ÁNGELUS
Martes 1 de enero de 2008
Queridos hermanos y hermanas:
Hemos comenzado un nuevo año y deseo que sea para todos sereno y fecundo. Lo encomiendo a la protección celestial de la Virgen, a la que la liturgia nos invita a invocar hoy con su título más antiguo y más importante, el de Madre de Dios. Con su "sí" al ángel, el día de la Anunciación, la Virgen concibió en su seno, por obra del Espíritu Santo, al Verbo eterno, y en la noche de Navidad lo dio a luz. En la plenitud de los tiempos, en Belén Jesús nació de María: el Hijo de Dios se hizo hombre por nuestra salvación y la Virgen se convirtió en verdadera Madre de Dios.

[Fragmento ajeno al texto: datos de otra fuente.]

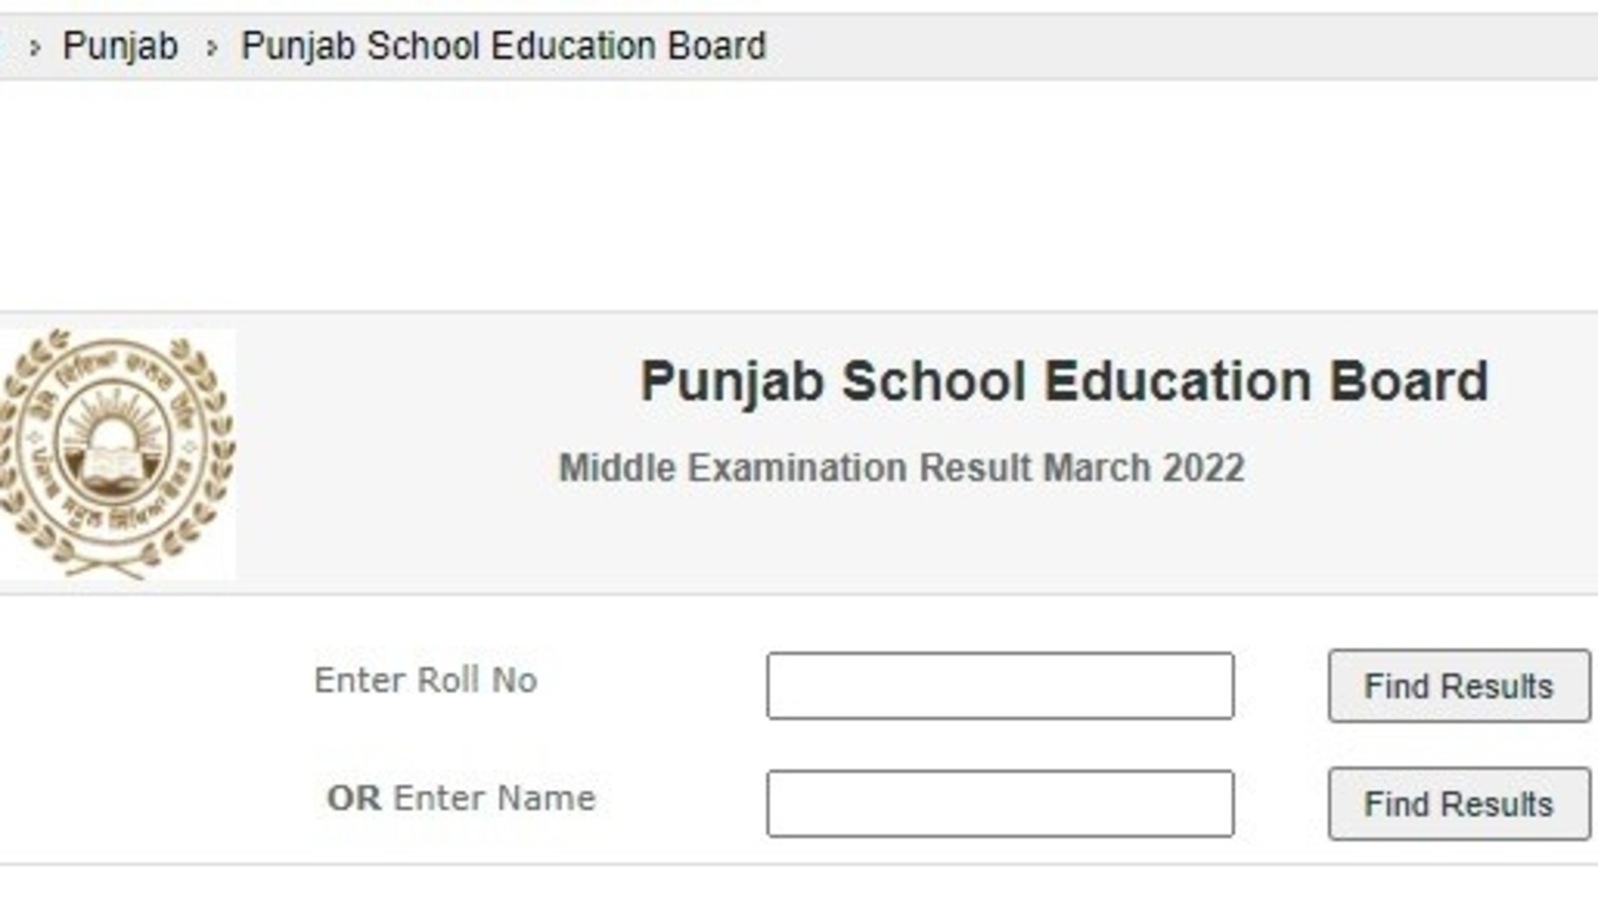 PSEB: Punjab School Education Board Results And Study Materials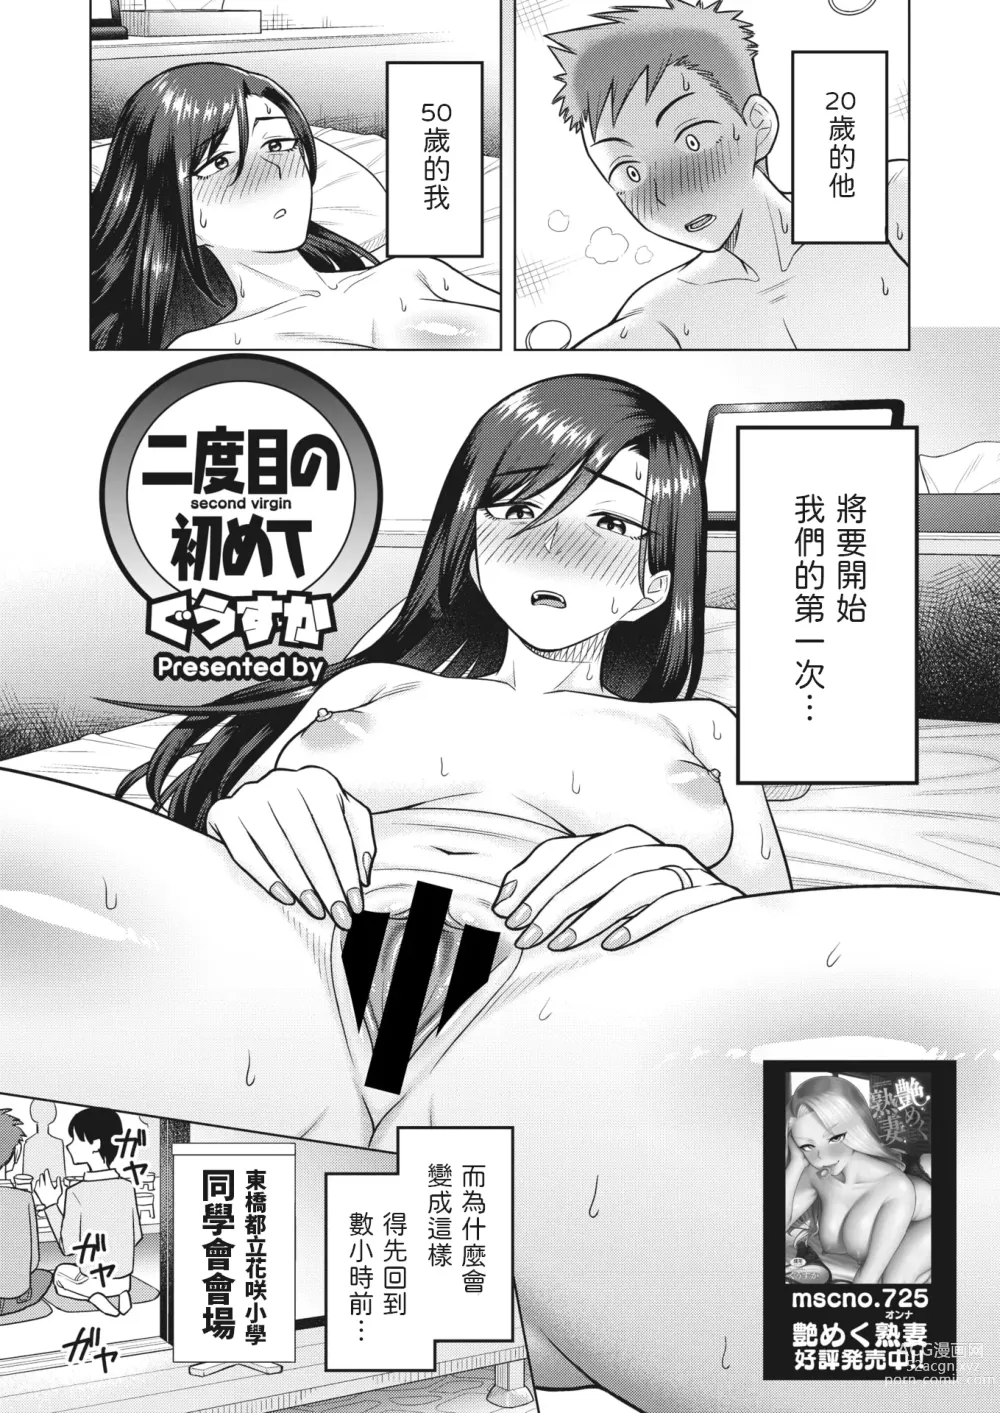 Page 1 of manga Nidome no Hajimete - second virgin

Este don inmenso que recibió María no está reservado sólo a ella; es para todos nosotros. En efecto, en su virginidad fecunda Dios entregó "a los hombres los bienes de la salvación eterna..., pues por medio de ella hemos recibido al autor de la vida" (cf. oración colecta). Por tanto, María, después de haber dado una carne mortal al unigénito Hijo de Dios, se convirtió en madre de los creyentes y de toda la humanidad.
Precisamente en el nombre de María, Madre de Dios y de los hombres, desde hace 40 años se celebra, el primer día del año, la Jornada mundial de la paz. El tema que escogí para esta ocasión es: "Familia humana, comunidad de paz". El mismo amor que edifica y mantiene unida a la familia, célula vital de la sociedad, hace que se establezcan entre los pueblos de la tierra las relaciones de solidaridad y colaboración que convienen a los miembros de la única familia humana. Lo recuerda el concilio Vaticano II cuando afirma que "todos los pueblos forman una única comunidad y tienen un mismo origen...; tienen también un único fin último, Dios" (Declaración Nostra aetate, 1).

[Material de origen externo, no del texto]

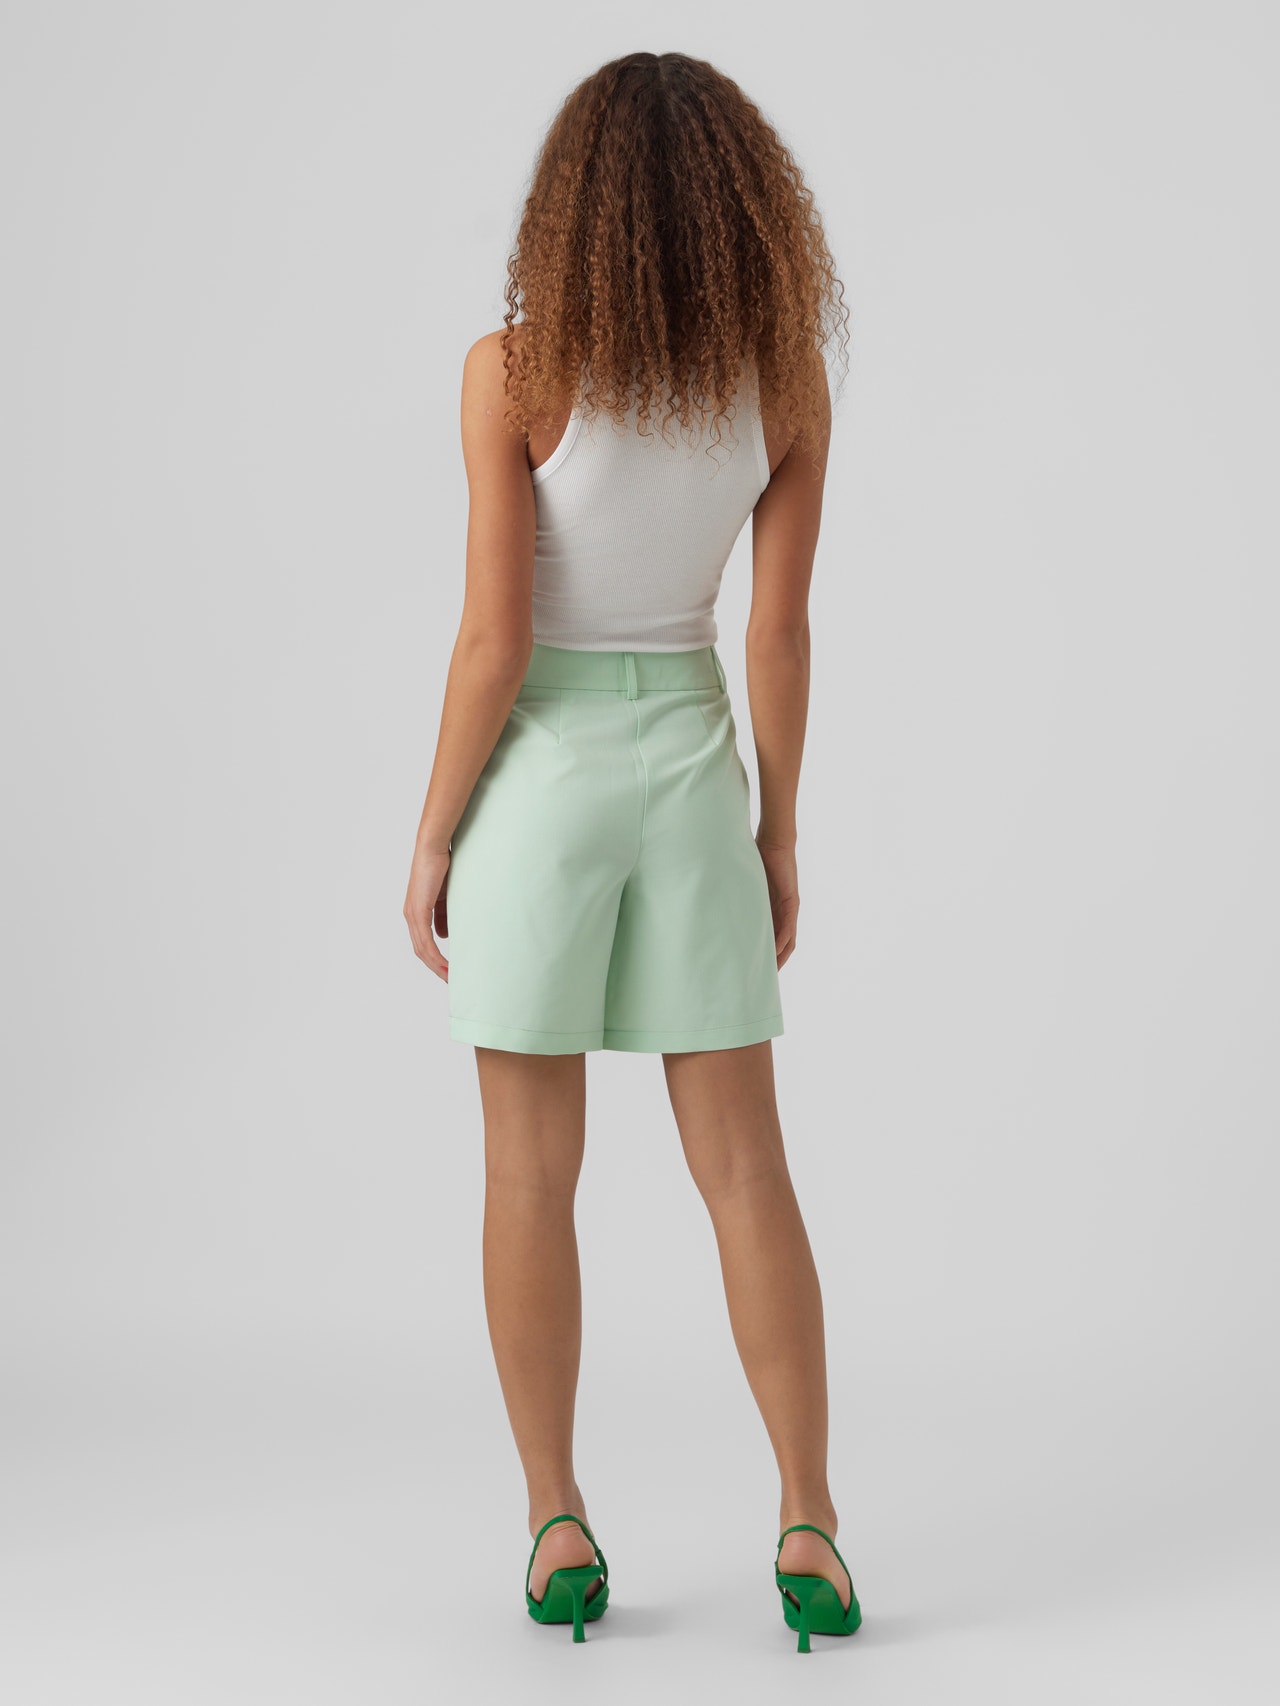 Vero Moda VMZELDA Shorts -Mist Green - 10259210

Por tanto, existe una íntima relación entre familia, sociedad y paz. "Quien obstaculiza la institución familiar, aunque sea inconscientemente -afirmo en el Mensaje para esta Jornada de la paz-, hace que la paz de toda la comunidad, nacional e internacional, sea frágil, porque debilita lo que, de hecho, es la principal "agencia" de paz" (n. 5).
Y, también, "no vivimos unos al lado de otros por casualidad; todos estamos recorriendo un mismo camino como hombres y, por tanto, como hermanos y hermanas" (n. 6). Por tanto, es muy importante que cada uno asuma su responsabilidad ante Dios y reconozca en él el manantial originario de su existencia y de la de los demás. De esta conciencia brota un compromiso de convertir a la humanidad en una auténtica comunidad de paz, gobernada por una "ley común, que ayude a la libertad a ser realmente lo que debe ser, (...) y que proteja al débil del abuso del más fuerte" (n. 11).
Que María, Madre del Príncipe de la paz, sostenga a la Iglesia en su compromiso incansable al servicio de la paz, y ayude a la comunidad de los pueblos, que en el año 2008 celebra el sexagésimo aniversario de la Declaración universal de derechos humanos, a emprender un camino de auténtica solidaridad y de paz estable.